Majority of loci were characterized by moderate to high genetic variation, with an average of 7.3 alleles per locus (range = 2–14 alleles) and heterozygosity estimates ranging between 0.189 and 0.860 (mean = 0.633). Marker independence was confirmed as linkage disequilibrium analyses indicated no significant linkage between loci. Only two loci, Ddel6 and Ddel32, were found to deviate significantly from Hardy–Weinberg Equilibrium (P = 0.002 and P < 0.001, respectively; Table 1) and display significant F IS estimates (F IS  = 0.2989, P = 0.0127 and F IS  = 0.2989, P = 0.0127, respectively; Table 1), suggesting heterozygote deficiencies. MICRO-CHECKER analyses identified evidence of null alleles at three loci, Ddel6, Ddel15 and Ddel32 (Table 1), while evidence of scoring issues or large allele dropouts was not detected. These findings suggest that three of the 12 characterized loci (Ddel6, Ddel15, Ddel32) might be problematic for future population genetic analyses.

The performance of markers Ddel6, Ddel15, and Ddel32 was further assessed using 32 individuals from a separate population (Coorong, South Australia). HWE and F IS estimates for marker Ddel32 were again found to be significantly different from zero (P < 0.001; F IS  = 0.397, P < 0.001), and evidence of null alleles was again recorded (frequency = 0.136). Although HWE and F IS estimates for Ddel6 on this occasion were found to be non-significant following corrections for multiple comparisons (P = 0.069; F IS  = 0.299, P = 0.013), null alleles were again detected (frequency = 0.104) further compromising the reliability of this marker. We recommend that Ddel6 and Ddel32 be excluded from future population genetic studies as these markers are likely to introduce ambiguity.

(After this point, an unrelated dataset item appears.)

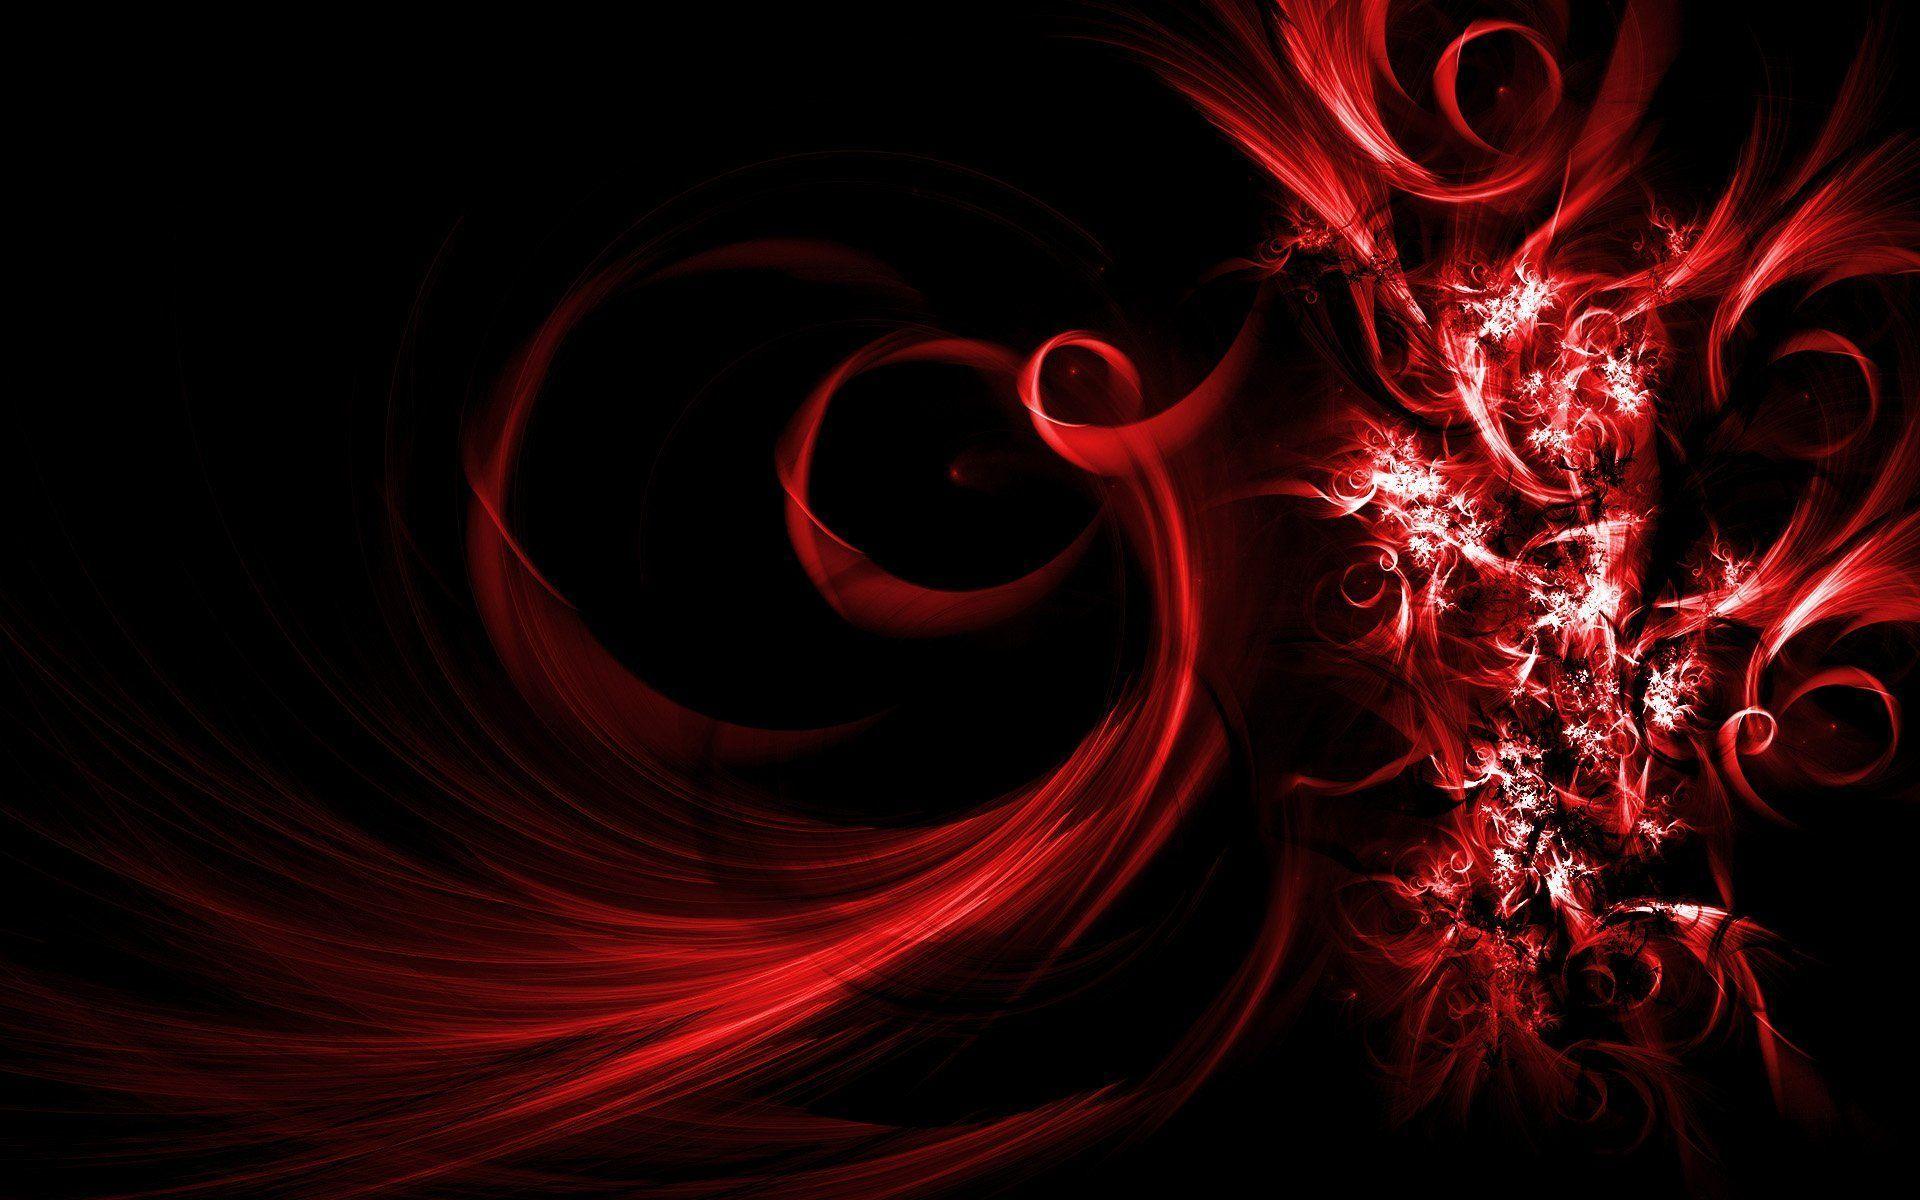 Full Hd P Abstract Wallpapers Desktop Backgrounds Hd 1920 1200 Black And Red Abstract Red And Black Wallpaper Black Abstract Background Abstract Art Wallpaper

Conversely Ddel15 was found to conform to Hardy–Weinberg expectations (P < 0.340), produced non-significant F IS estimates and null alleles were not detected. Although we cannot explain the discrepancy between the Ddel15 estimates derived from the Venus Bay and Coorong populations, this might be associated with stochastic population processes, however this is most likely associated with differences in null allele frequencies between populations. Therefore we recommend that marker Ddel15 be included but treated with caution in future population genetic studies.

The 10 viable and 9 additional uncharacterized microsatellite markers described in this study provide a valuable resource for future population genetic assessments of D. deltoides in Australia. Estimates of gene flow and population genetic structure using these markers will provide managers with an effective spatial framework for managing the D. deltoides fishery and valuable baseline data for future temporal population monitoring that will assist managers to mitigate the potential for over-exploitation. More importantly this research will promote the future conservation of D. deltoides populations in south eastern Australia.